Start with the line containing "Axelmärke CANADA." and write out each line through the end of the listing, exactly as given.

Data:

___

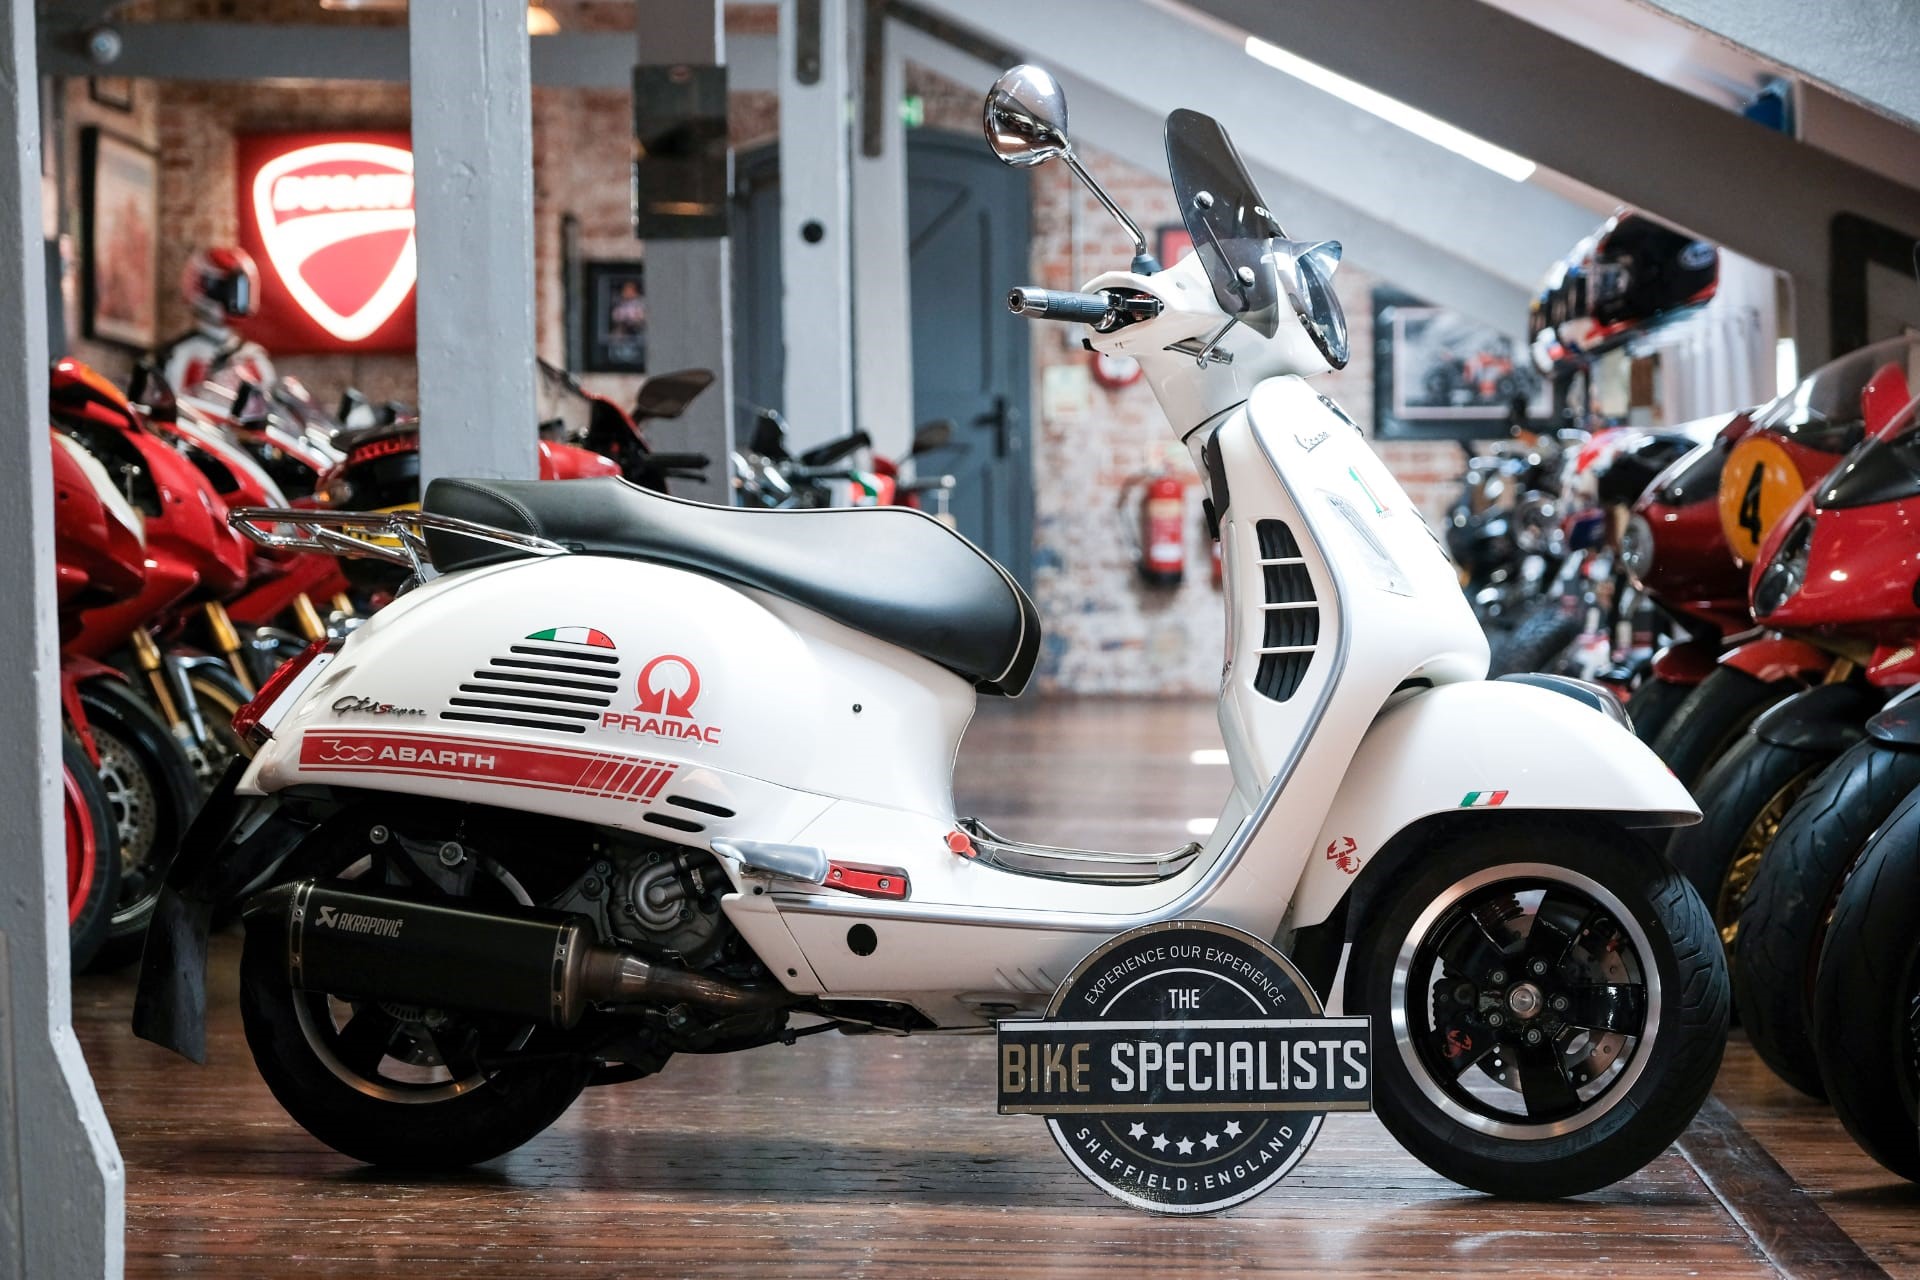 Piaggio Vespa GTS, The Bike Specialists
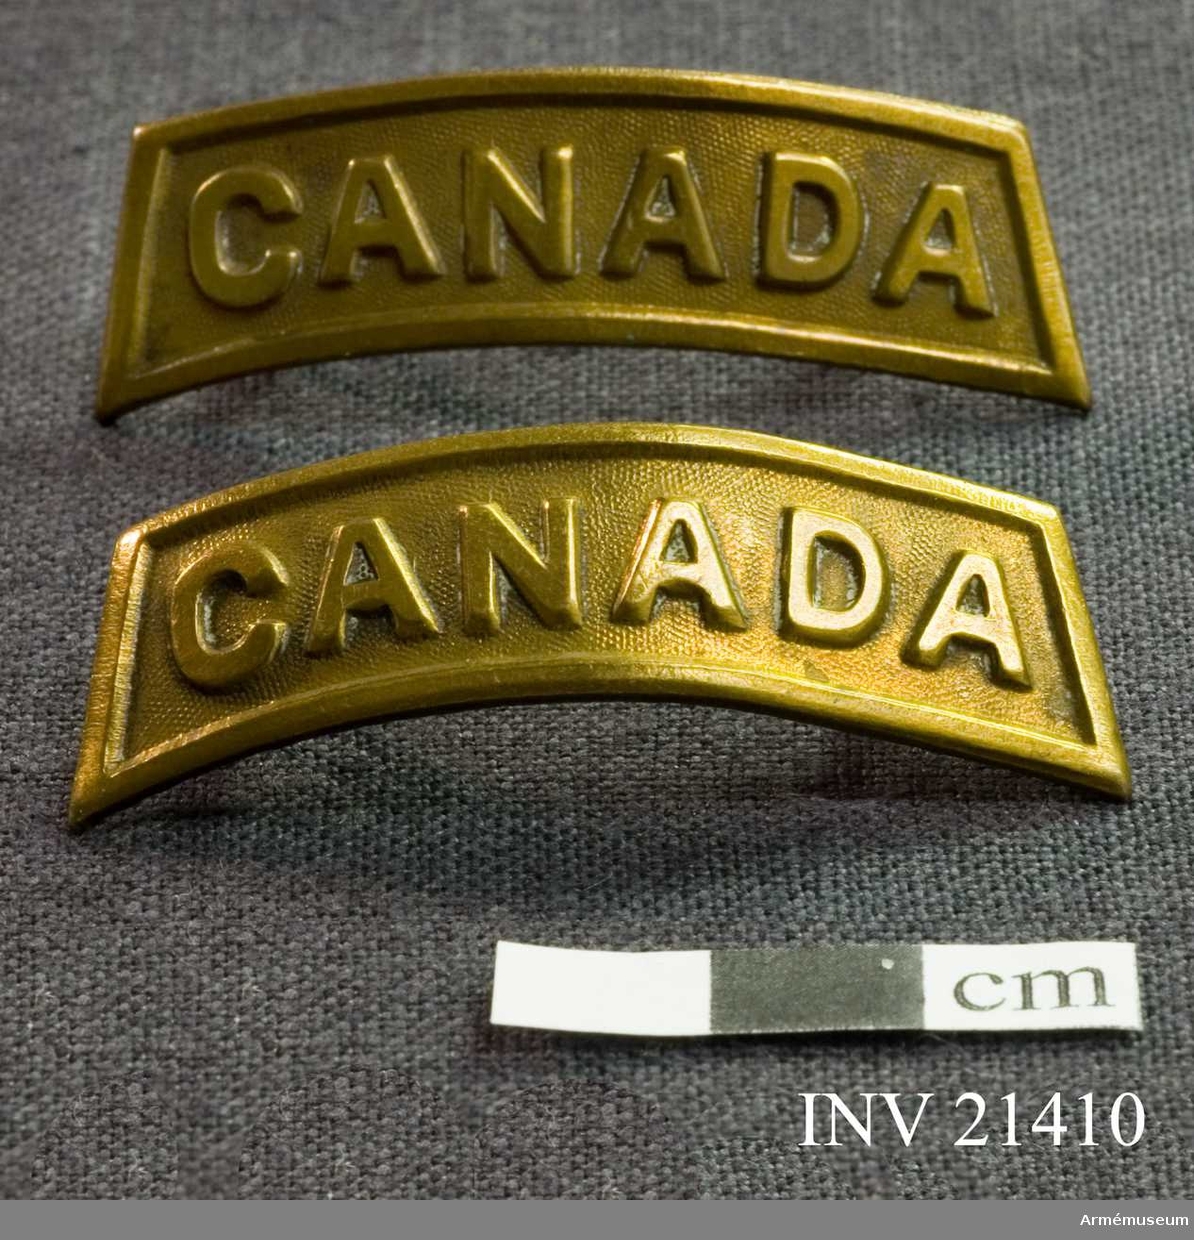 Grupp C I.
Axelmärke CANADA.
För officer vid Royal Canadian Horse Artillery, Kanada.

___

Finished exercise:
Axelmärke CANADA.
För officer vid Royal Canadian Horse Artillery, Kanada.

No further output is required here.